Le cinéma invisible, une nouvelle collection dirigée par la dynamique Carole Aurouet, prolonge le travail de notre infatigable archéologue des rapports entre la littérature et le cinéma, dont les parutions individuelles (1) ou sous son égide (2), proposent à notre regard lettré et curieux l’élaboration littéraire-mêlée parfois d’images et de références cinéphiliques- de films qui ne verront jamais le jour. Le cahier 1, qui vient de paraître, se place sous le signe de l’éclectisme, avec dix ébauches de formes et de longueurs diverses, composées par des artistes d’horizons et de sensibilité variés. Dix spécialistes présentent chacun une œuvre inédite, avec une notice replaçant son auteur dans son contexte historique, esthétique, ou thématique, éditée avec une attention portée à la mise en page du manuscrit ou du format initial. Images, biffures, viennent de temps en temps marquer de leurs présences les écrits via des fac-similés, ce qui rend la lecture de ce cahier agréable, tout en mettant en valeur l’aspect réel et non improvisé ou facile de la création littéraire ou plastique en vue d’une réalisation cinématographique.
Dans ce premier opus, Carole Aurouet et ses collègues passionnés, nous emmènent à la découverte d’un ciné-texte signé Robert Desnos où la notion de couple subit les affres de la culpabilité ; de deux versions d’un écrit façon « Cobra » de Christian Dotremont exposant les relations d’une ouvreuse de cinéma avec un huissier qui assistent à la prière de Perséphone ; d’une satire du consumérisme panurgique par Leslie Kaplan ; d’une tentative scénaristique par Louis Malle de Ma Mère de Bataille (thème que le cinéaste abordera par la suite dans Le Souffle au cœur) ; d’un synopsis original de Christine Montalbetti entrecroisant images fixes, interviews, et références au Ocean’s Eleven de Lewis Milestone ; d’un texte où Valère Novarina décrit l’arrivée d’un personnage sur une voie ferrée située à La Ciotat, un homme souhaitant renommer les objets d’un paysage abandonné, telle une nouvelle création du monde par un Verbe démiurgique ; d’un programme de Bernard Plossu où images et sons se répondent dans le cadre d’un film abstrait et psychédélique ; d’une trame élaborée par Raùl Ruiz sous le signe de Raymond Roussel, canevas dans lequel espaces et temps sont visités par des dibbuks et des cailloux ; d’un récit au cours duquel Jorge Semprun décrit les voyages intellectuels et géographiques d’un Malraux fraîchement auréolé du succès de La Condition humaine , entre une Russie idéologiquement pesante, et une Espagne menacée par le franquisme ; enfin, d’un écrit de Sergueï Trétiakov, narrant le quotidien difficile et violent de paysans frustes ou aveugles d’une région isolée de la Géorgie dans l’URSS des années 20, la Svanétie.

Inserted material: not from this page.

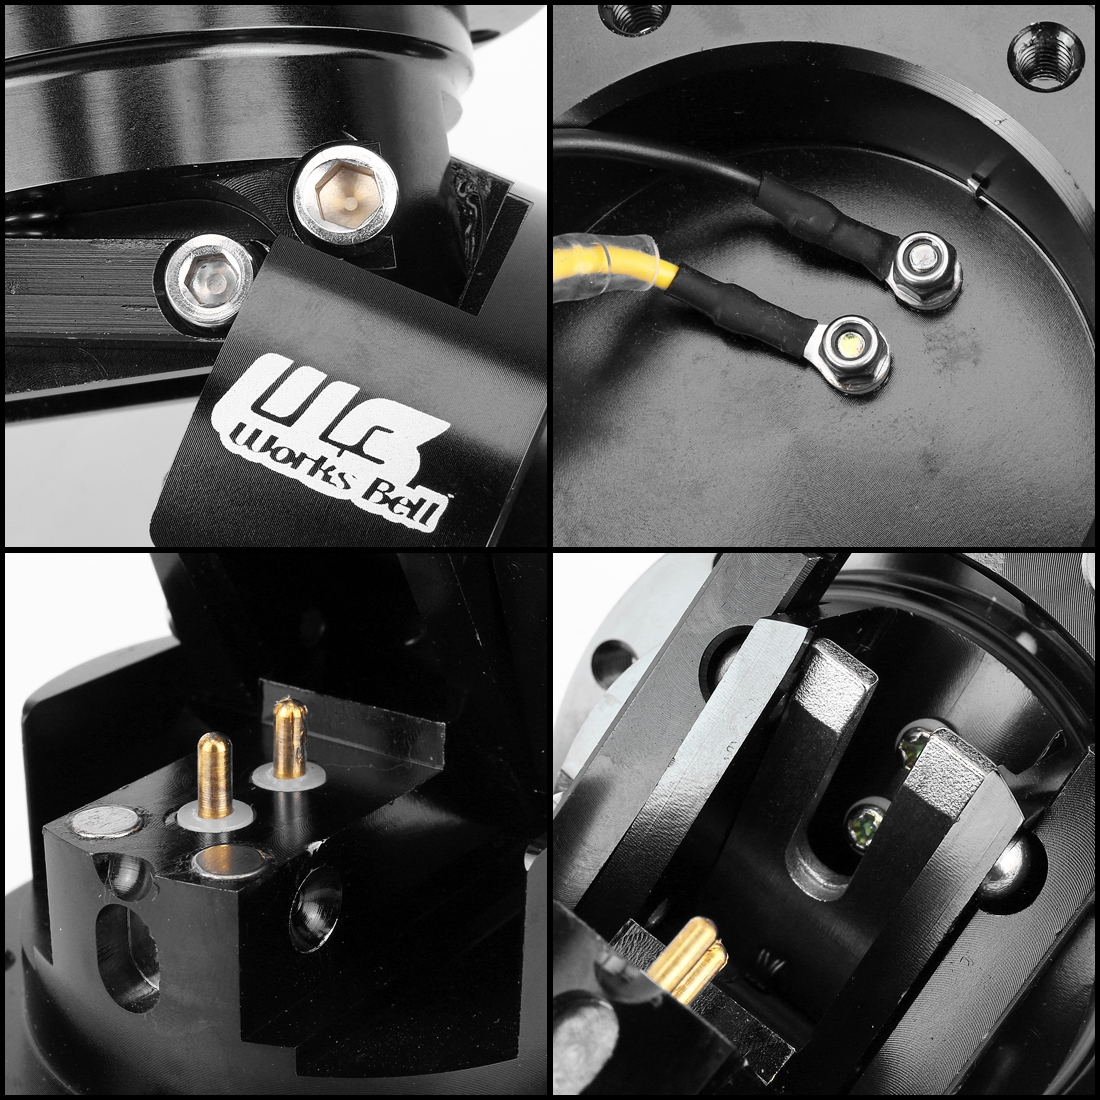 Car Tilt Racing Steering Wheel Quick Release Hub Kit Adapter Body Removable Snap Off Boss Kit (Black)

Photographes, romanciers, plasticiens, réalisateurs confirmés, poètes : une constellation d’artistes dont les inédits reviennent à la surface de notre regard mais aussi de notre appréciation et, aussi voire surtout, de notre faculté à imaginer, à mettre en images, ces embryons de cinéma. Remercions Carole Aurouet, et son enthousiaste équipe d’archéologues de ciné-littérature, pour cette nouvelle collection qui va contribuer à un nouvel essor des recherches et publications dans le domaine de la génétique textuelle.
Le Cinéma invisible, cahier 1. Collectif sous la direction de Carole Aurouet. Paru en décembre 2024. Editions Invenit, Lille. 208 pages. Avec une élégante reliure suisse.
1.Citons à ce titre : Les Scénarios de Jacques Prévert, Dreamland, 2003, Paris, 256 p ; Le Cinéma dessiné de Jacques Prévert, Textuel , Paris, 2012, 192 p ; Le Cinéma des poètes. De la critique au ciné-texte, Le Bord de l’eau, coll. « Ciné-Politique », 2014, 299 p.
2.Notamment la collection Le Cinéma des poètes, parue d’abord chez les Nouvelles éditions Place, et désormais chez Quidam Editeur ; Les Films sélectionnés, chez Gremese.